Um dos princípios fundamentais da UNFCCC é o de "responsabilidades comuns, porém diferenciadas", pelo qual os países desenvolvidos, por suas responsabilidades históricas e atuais pelo aquecimento global e sua maior capacidade financeira e tecnológica, devem tomar a dianteira na implementação de metas ambiciosas de redução de emissões de gases de efeito estufa e prover apoio financeiro e tecnológico aos países em desenvolvimento. Estes, por sua vez, devem contribuir para enfrentar a mudança do clima de forma compatível com o imperativo do crescimento econômico e social, conforme reconhecido pela Convenção-Quadro.

O Protocolo de Quioto complementou a UNFCCC, ao estabelecer metas quantitativas legalmente obrigatórias de redução de emissões de gases de efeito estufa para países desenvolvidos. Suas regras rígidas para monitoramento, informação e verificação de emissões e remoções desses gases oferecem base de comparabilidade entre os esforços dos países desenvolvidos e integridade ambiental dos resultados apresentados. O Protocolo de Quioto estabeleceu dois períodos de compromisso: 2008 a 2012 e 2013 a 2020.
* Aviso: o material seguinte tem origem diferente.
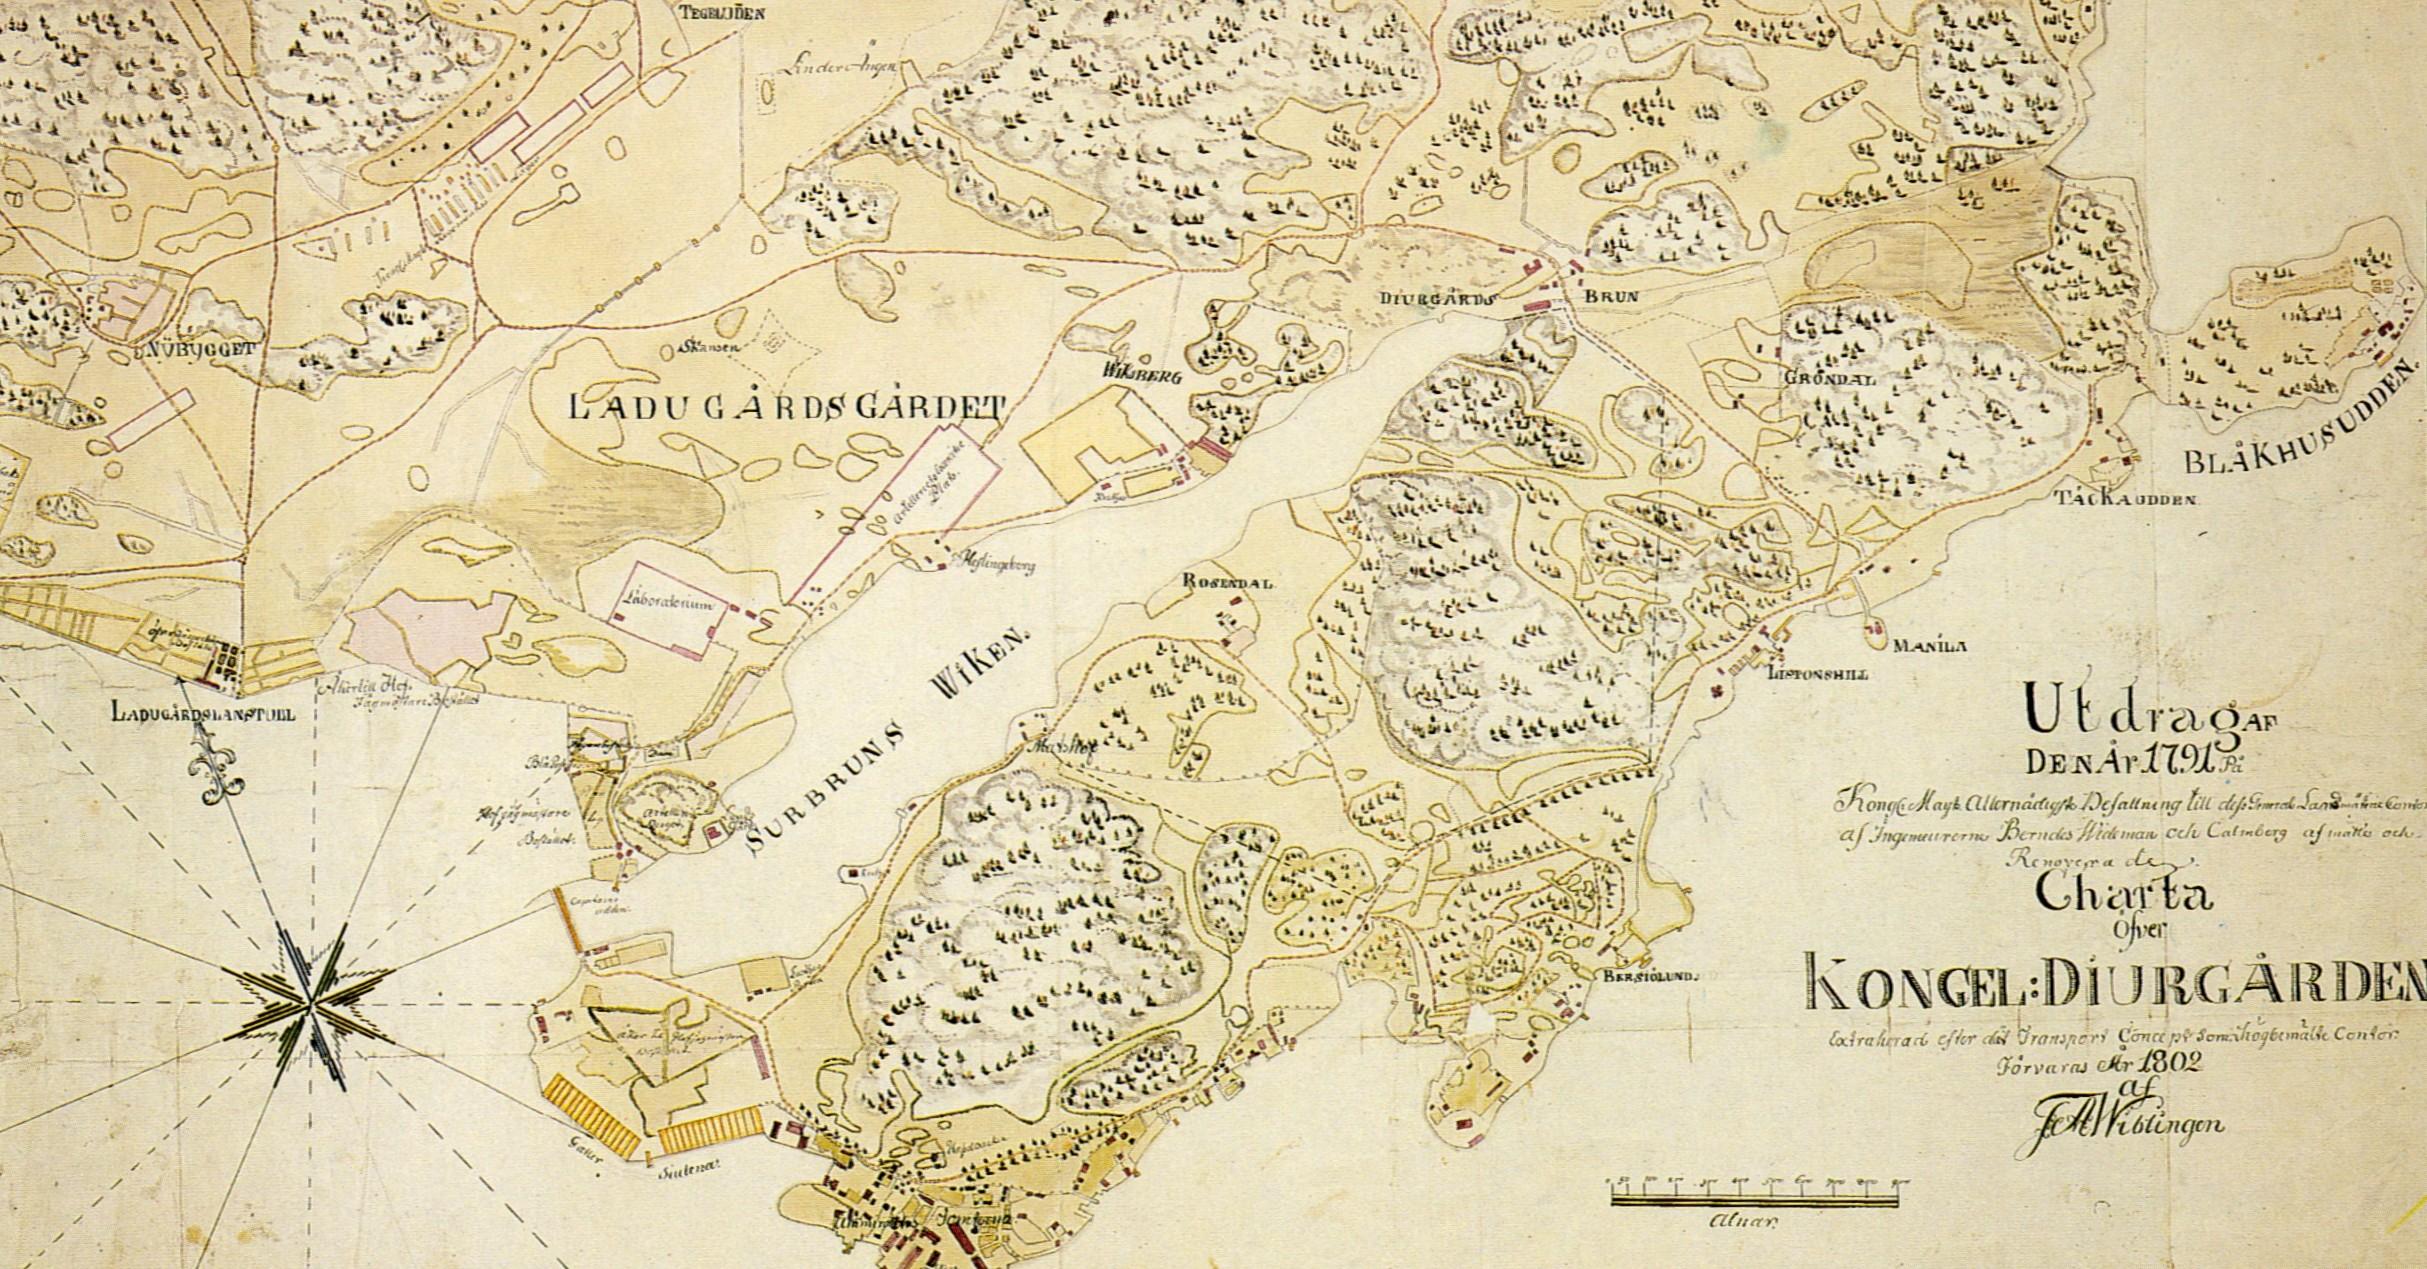 djurgården karta

Em 2015, a adoção do Acordo de Paris concluiu o mandato negociador da Plataforma de Durban para Ação Fortalecida. O Acordo de Paris, que deverá ser implementado a partir de 2020, fortalece o conjunto de obrigações assumidas sob a Convenção, consolidando sua centralidade e o respeito a seus princípios e regras. O Acordo estabelece, ainda, novas obrigações de conduta por todas as Partes, contribuindo para o aumento da ambição geral de forma efetiva e duradoura, no contexto do desenvolvimento sustentável e dos esforços de erradicação da pobreza.

As negociações multilaterais sob a UNFCCC são subsidiadas pelos trabalhos científicos do Painel Intergovernamental sobre Mudança do Clima (IPCC). O principal foro de negociações do regime é a Conferência das Partes (COP), que se realiza anualmente, em conjunto com a Reunião das Partes do Protocolo de Quioto (CMP). As negociações internacionais em curso têm como enfoque a adoção de decisões e normas para a implementação do Acordo de Paris.
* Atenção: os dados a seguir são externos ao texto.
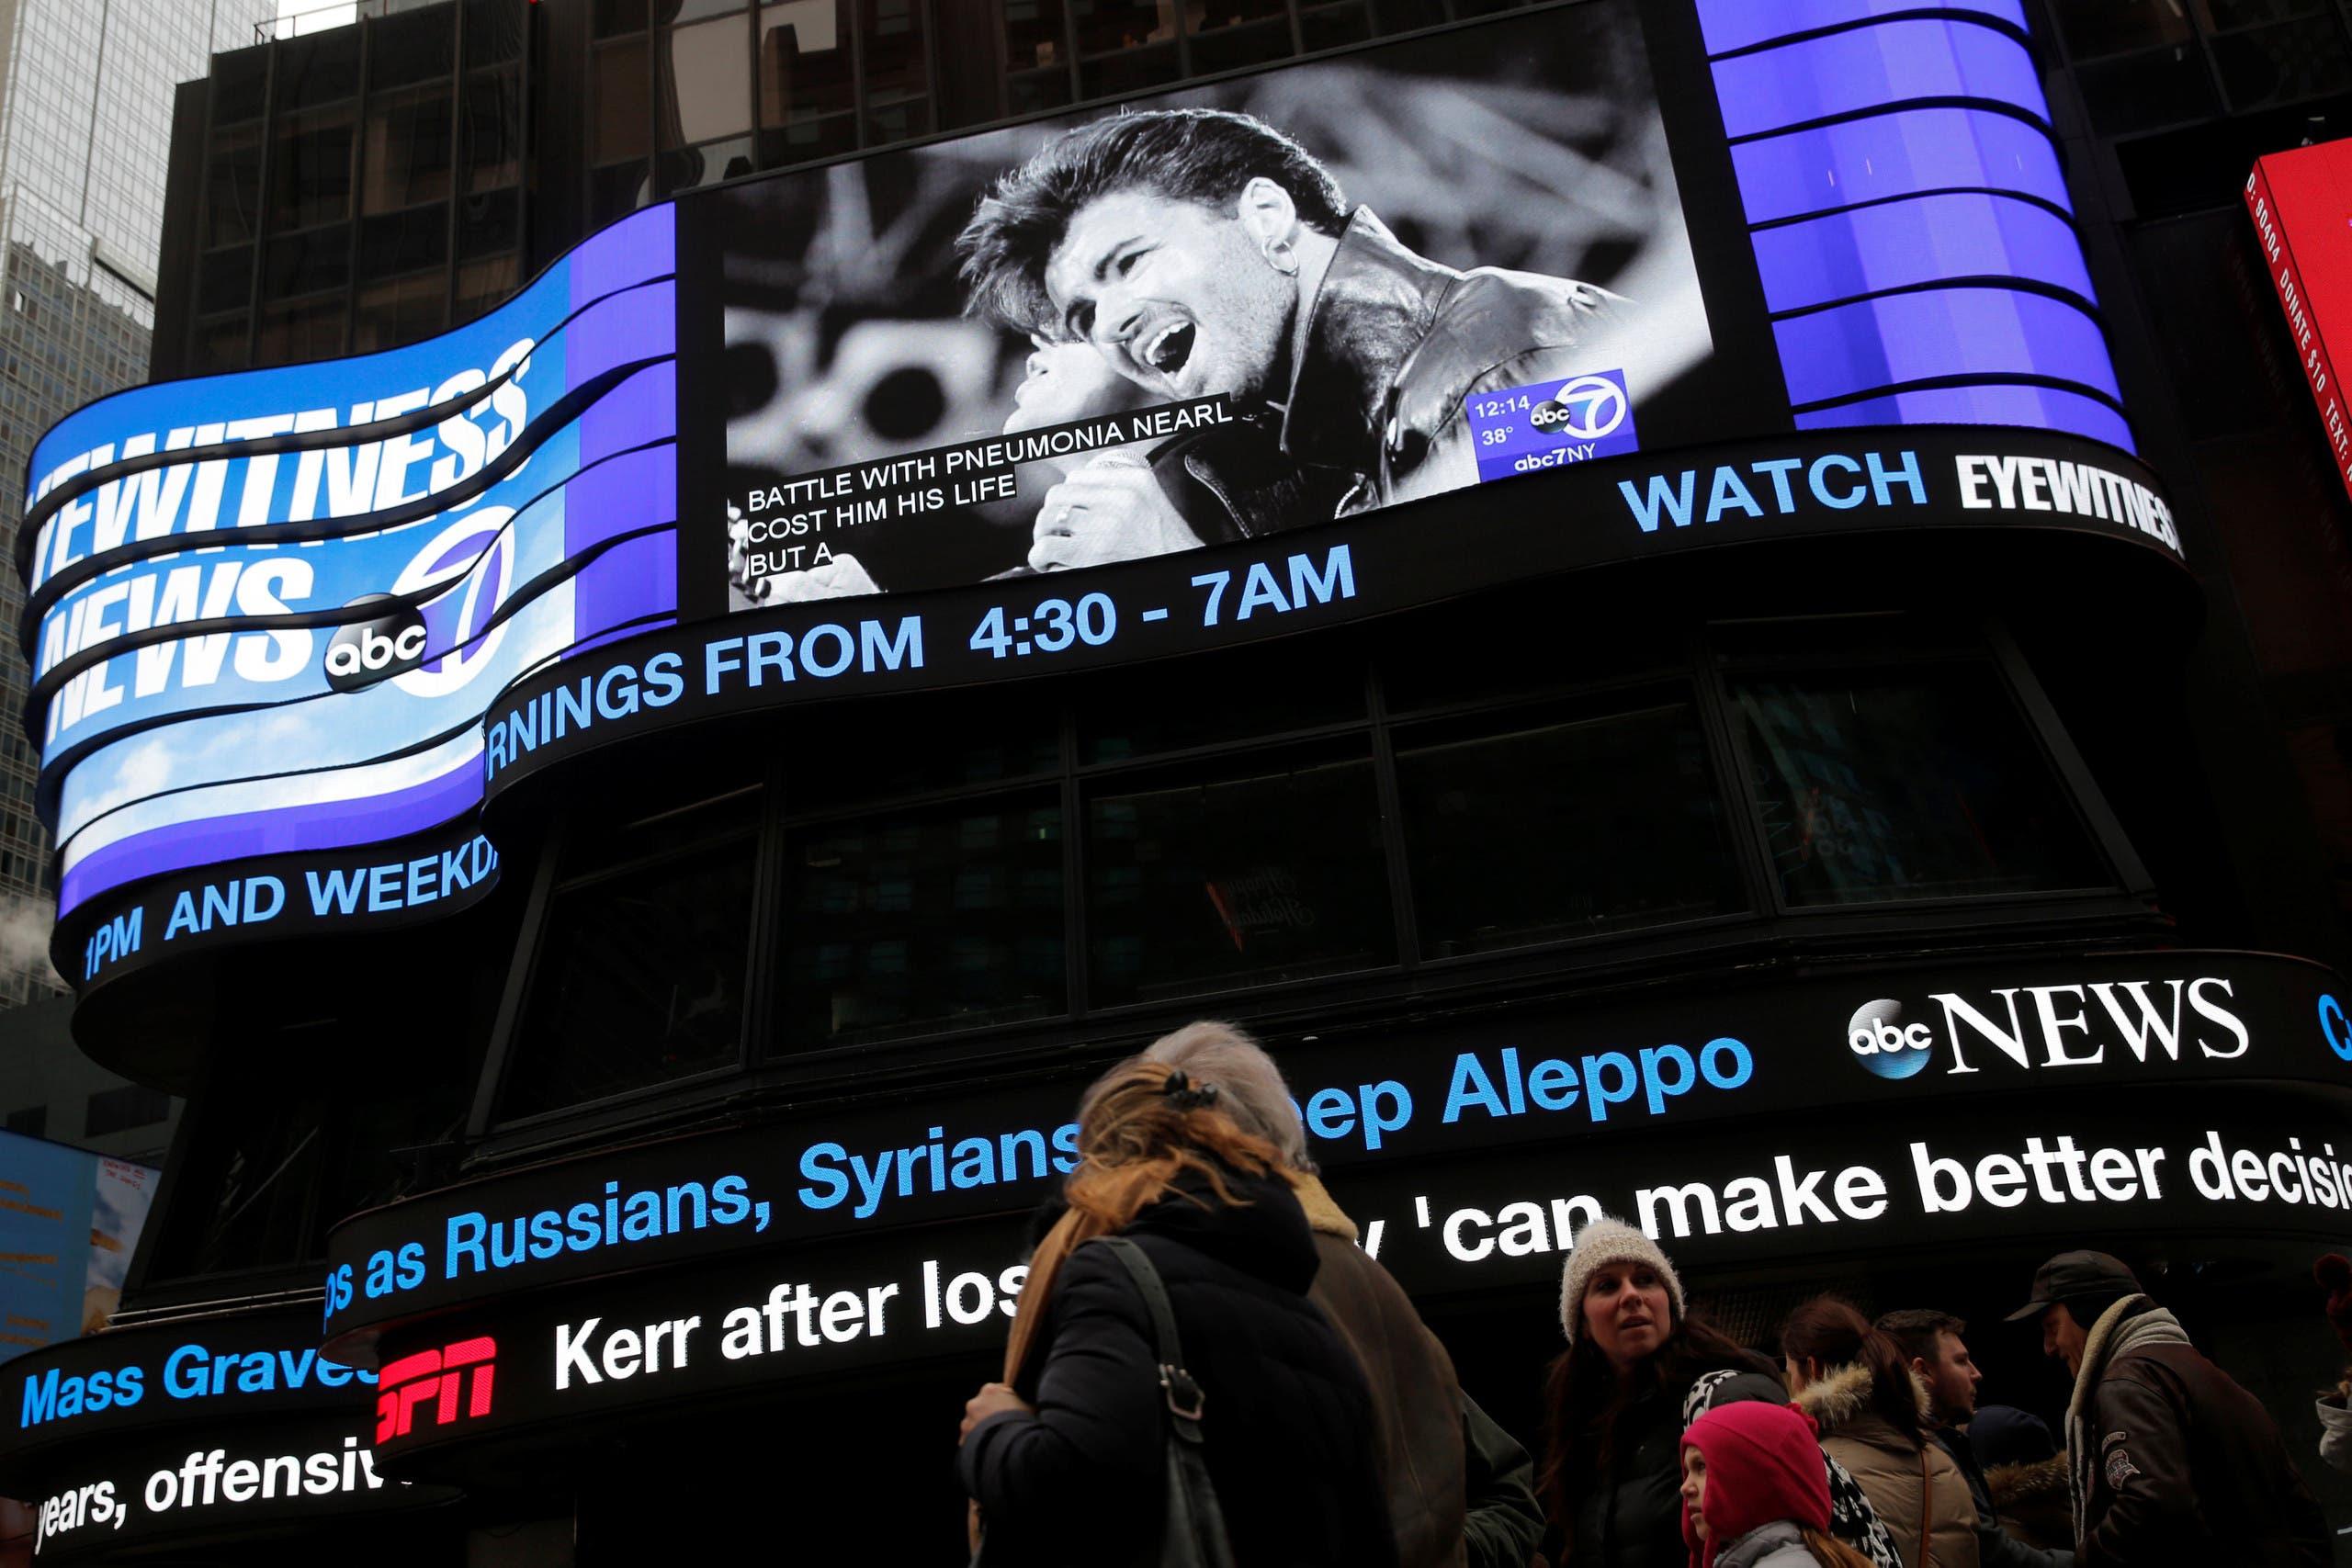 شاشة كبيرة في ميدان تايمز سكوير

Contribuições Nacionalmente Determinadas (NDC)

A Contribuição Nacionalmente Determinada (NDC) é o principal instrumento de comunicação dos compromissos individuais assumidos pelas Partes no Acordo de Paris sob a UNFCCC. Além de ações de redução de emissões de gases de efeito estufa, as NDC contém também elementos de adaptação aos efeitos adversos da mudança do clima e meios de implementação (financiamento, transferência de tecnologia e capacitação).
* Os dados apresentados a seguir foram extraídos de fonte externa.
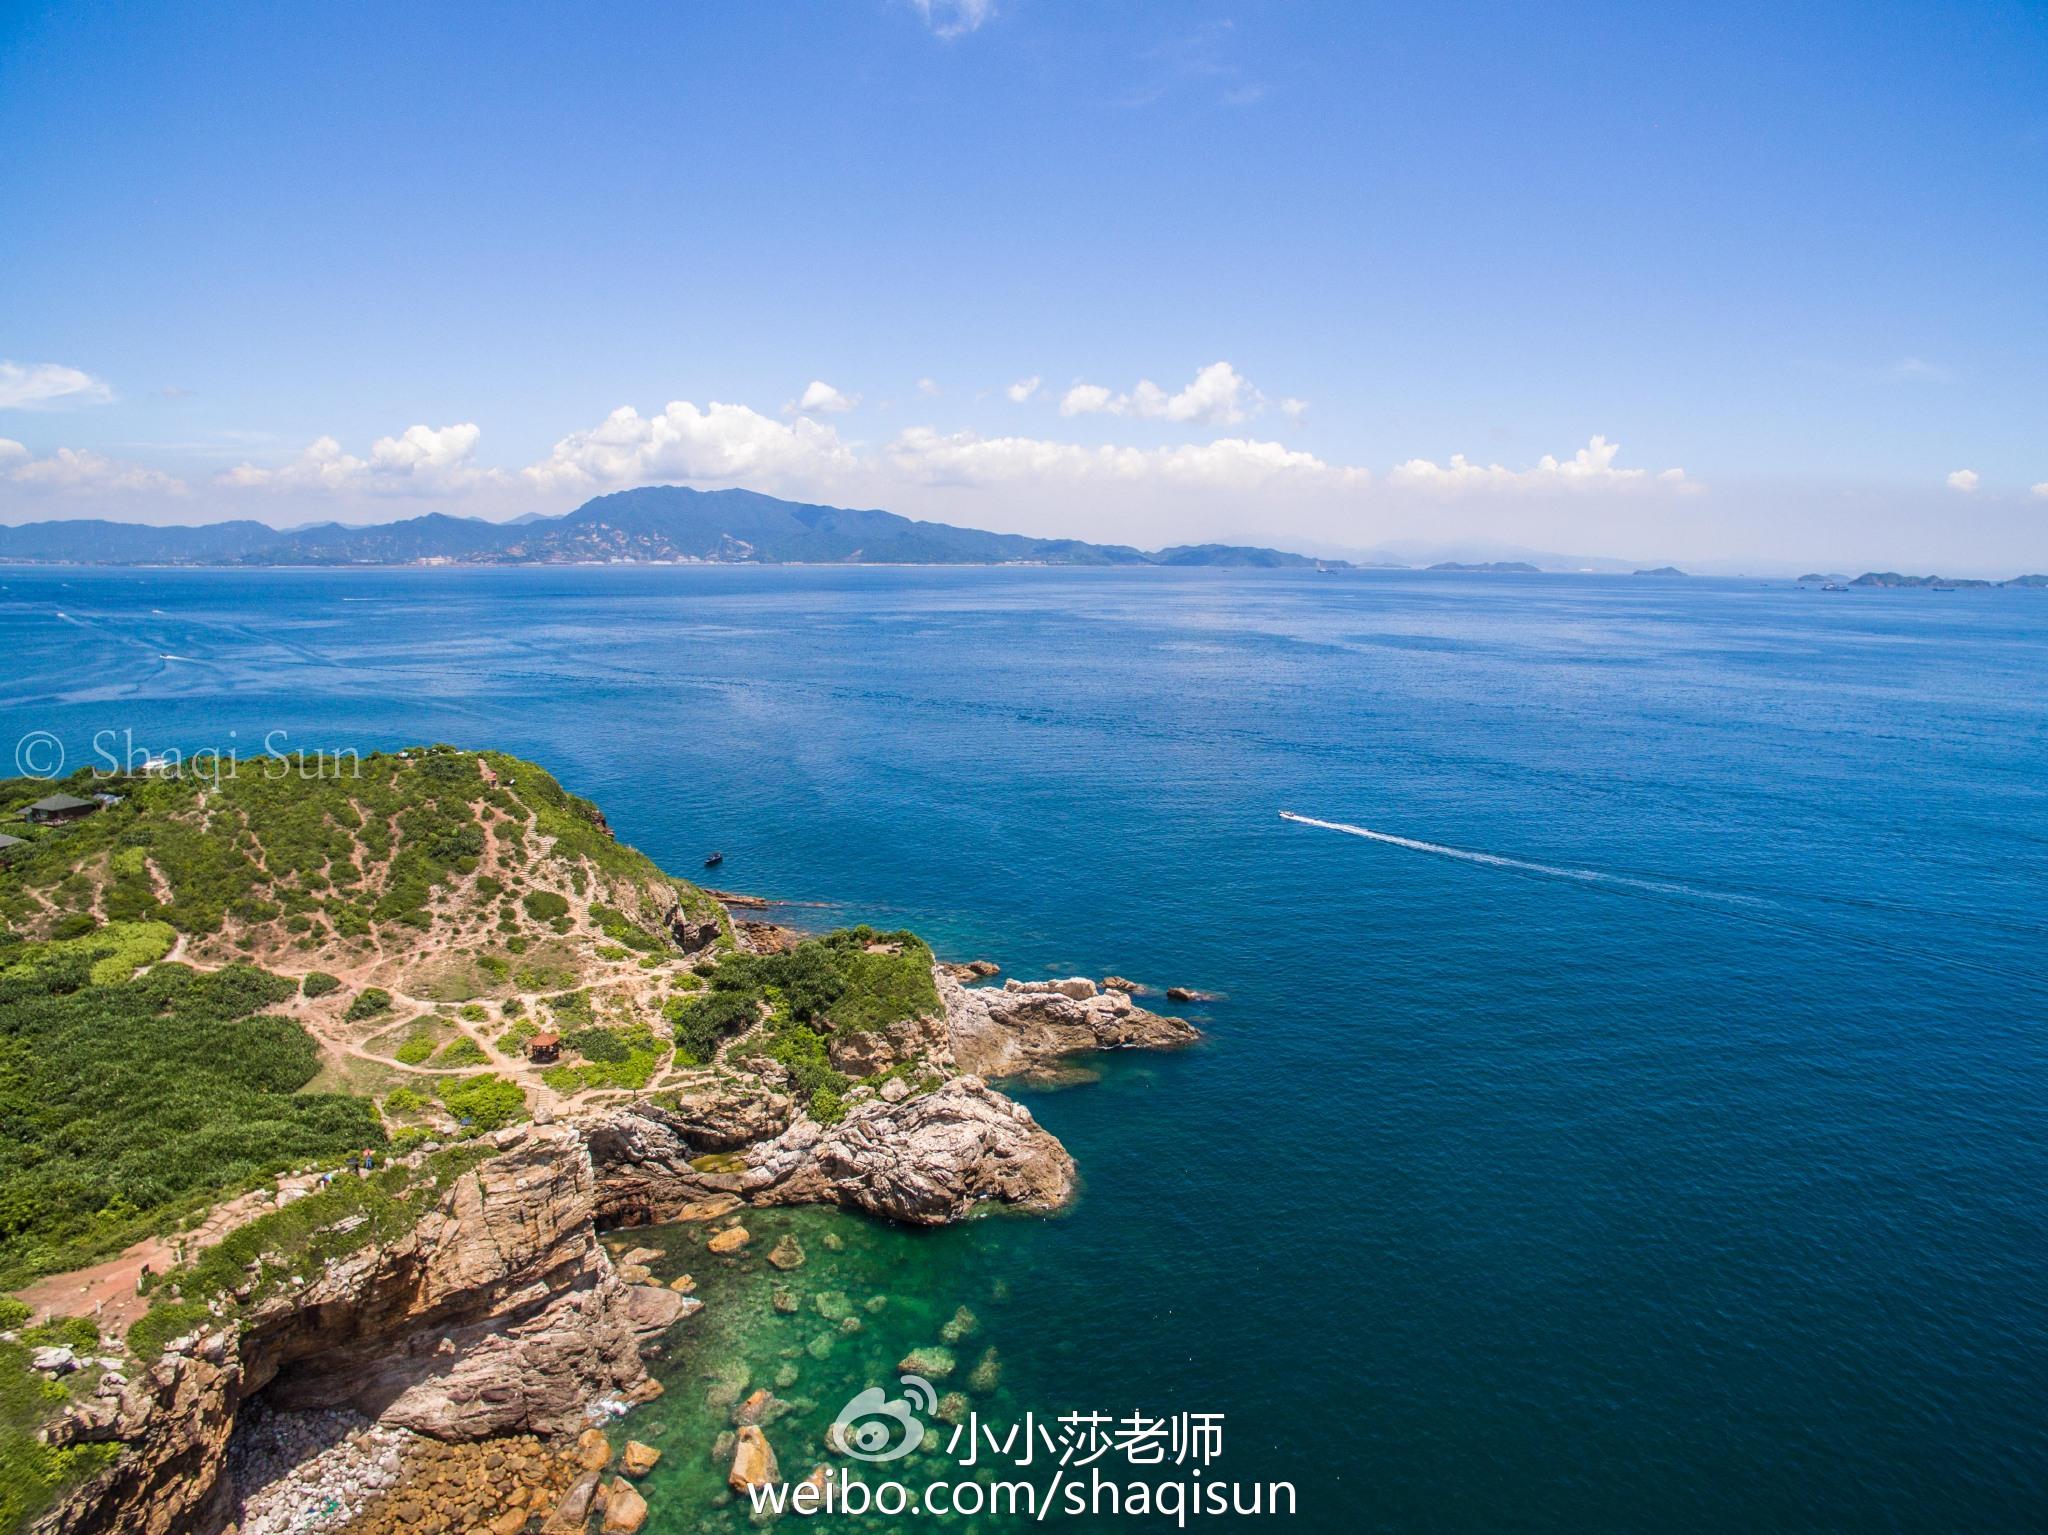 深圳,去一片宁静的海湾乐享周末

Em setembro de 2015, o Governo brasileiro anunciou sua pretendida contribuição nacionalmente determinada (NDC). A NDC brasileira parte dos resultados positivos já alcançados pelo Brasil na redução de gases de efeito estufa e estabelece compromissos ainda mais ambiciosos. O Brasil está adotando uma meta de redução de emissões de 37% em 2025, em relação aos níveis de 2005, e está indicando que as emissões poderão ser reduzidas em até 43% em 2030. A contribuição brasileira leva em consideração o imperativo do desenvolvimento sustentável e inclui, além de compromissos de mitigação, ações de adaptação, oportunidades de cooperação internacional e referências a meios de implementação.

O Brasil é um dos únicos países em desenvolvimento a assumir uma meta absoluta de redução de emissões, tão ou mais ambiciosa que as metas de países desenvolvidos. Para subsidiar a elaboração da iNDC, o Ministério das Relações Exteriores conduziu amplo processo de consultas à sociedade civil, ao setor privado e à academia.